Stephen took the knives and cast them aside, reaching to unfold the scratchy blanket over his next meal’s breasts. He had already taken her three times, until she cried for mercy and a nap. When the female had fallen asleep curled around him, wanting physical contact for reasons outside of sexual pleasure, it had been... different.

Her skin felt nothing like his, she hardly had a scar, and he got to touch her as she slept, Stephen most content when he kneaded her rear or weighed a breast. He even took her hair from the braids, a thing she woke to find and blushed at when he wanted to play with all that kinked length.

Now he had that hair in his fist, all gathered up so he might turn her, brace her over the arm of the sofa, where she trembled.

She shook, and he knew it was not from fear, but anticipation.

He made her wait while he scratched a nail over the phoenix’s outline, while he gripped just a little too hard the flesh of her ass, while he reached around and kneaded hanging breasts until she rubbed her scented, slippery woman parts against him.

> Stephen wanted to let go—to grab and use her, setting aside caution for his strength.

He’d earned this.

Ramming in with no warning, hearing her grunt, he yanked harder on that hair. Violent, he took her from behind, pretending he didn’t like it when she stared over her shoulder, her jaw agape and moaning for him. Finding the tattoo over her back come alive with his jerking thrusts, scoring it with his fingers, he knew the image was no different than her submission to him.

There were no two tattoos in the world like the one River wore, just as there would never be another sexual moment that might compare to the one they shared, better or worse. It was singular. When his hips surged to rock her forward, when she fought the pull on her hair, he speared her all over again until Stephen felt her squeeze tight about his cock... and he fucked even harder. River was forced past release, almost fighting him so her orgasm might end. He held her lust-drugged eyes, he held her hair and hip so she had to take him all... and nothing else existed in that moment. Stephen called her name as he came, as he gushed into a place already saturated with his mark.
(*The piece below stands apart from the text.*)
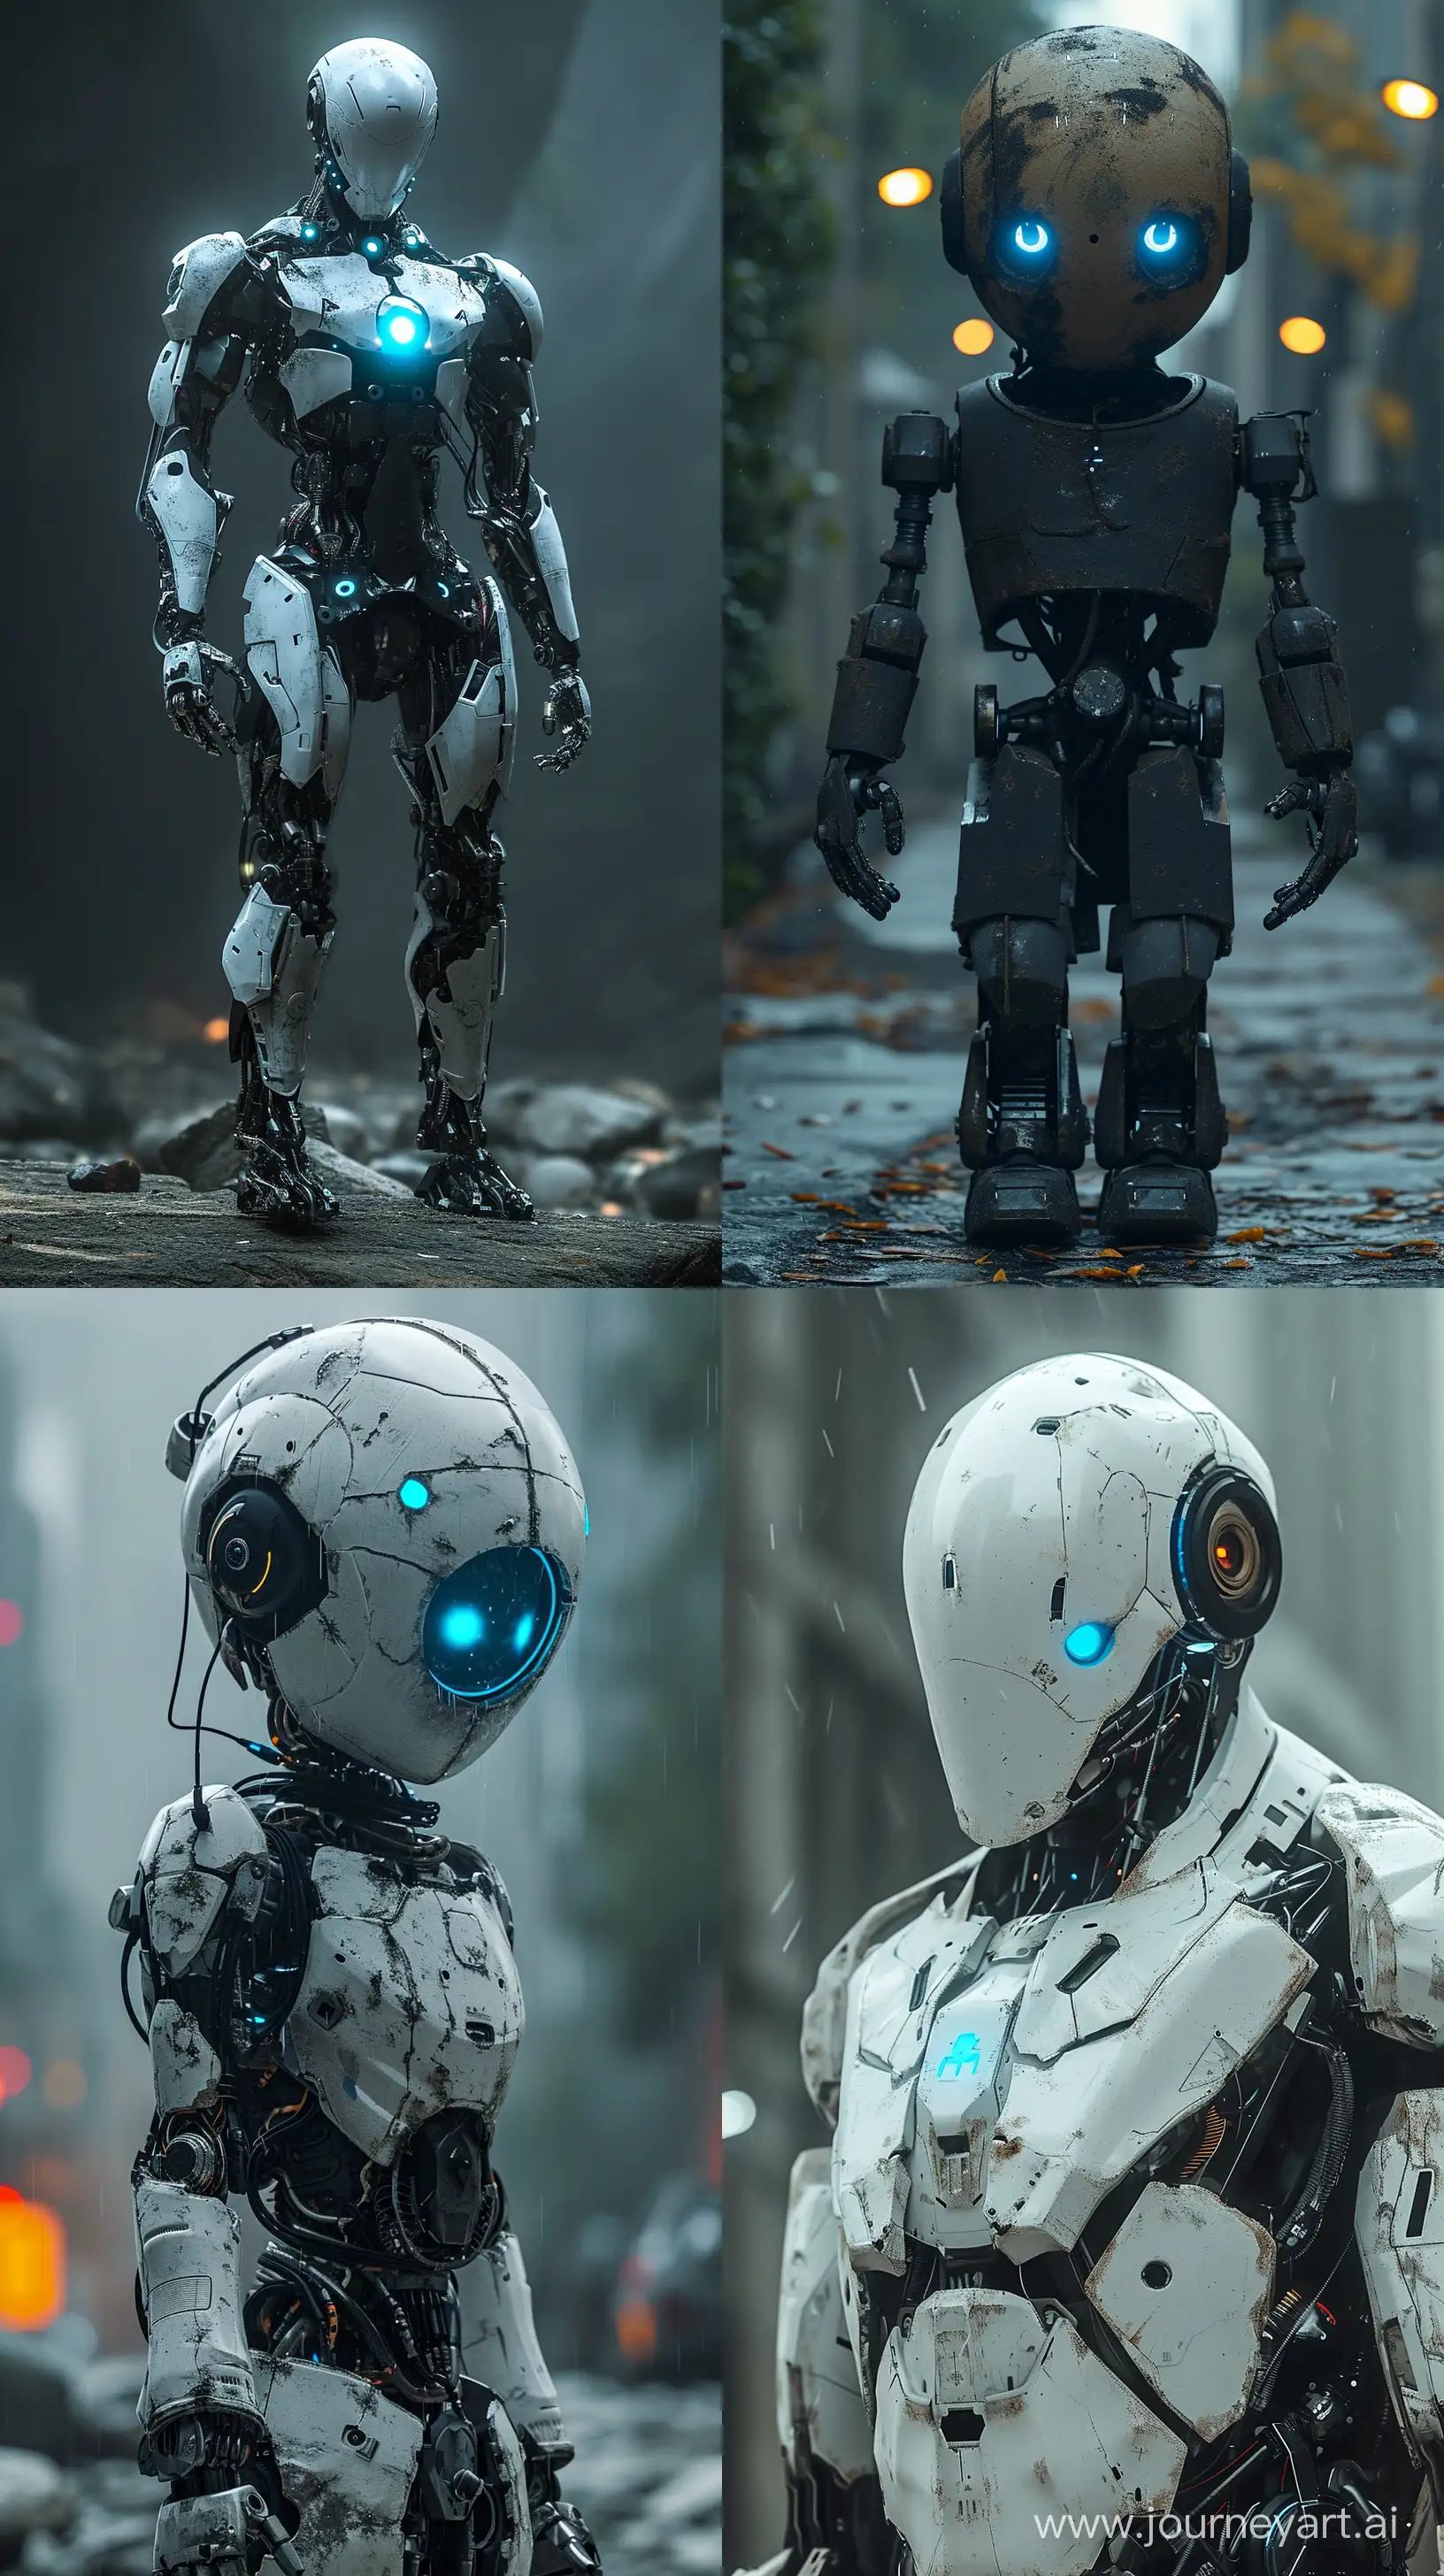 Робот стоит в полный рост со светящимися голубыми глазами, робот сломанный, поломанный робот, стоит в интересной необычной позе, 8K::1.2, V-ray, realism, --s 300 --ar 9:16

Falling atop her, unconcerned she was crushed or that she might not like the arm he circled tightly around her middle. Panting against her neck he found rest.

* * *

When she woke and he was gone, there was no surprise... or disappointment. For a moment he’d been afraid, and so had she. He had a part to play—the stranger. She had a part—the recluse. There wasn’t going to be a fairytale bullshit story. She didn’t want it; he didn’t want it. They both just wanted to survive.

Survival was lonely work.

His smell lingered after him. River straightening a room that lacked the precious woven blankets she’d extended in temper, a spare compass, two rabbits, all the thrown money… and the brown book she’d last been reading to him—a book she had written.

Going outside, she found he’d also dug out and stolen her snowmobile. She was trapped.

Considering the weather, it was one month before she could make the hike down the mountain. Two months before she found she was carrying his child. And five months before Rangers began to sweep her mountain, looking for traces of a wanted enemy agent who’d been identified in the nearest town.

River lied with a smile, rubbing her growing belly, and told them she had seen nothing in her woods. Nothing at all.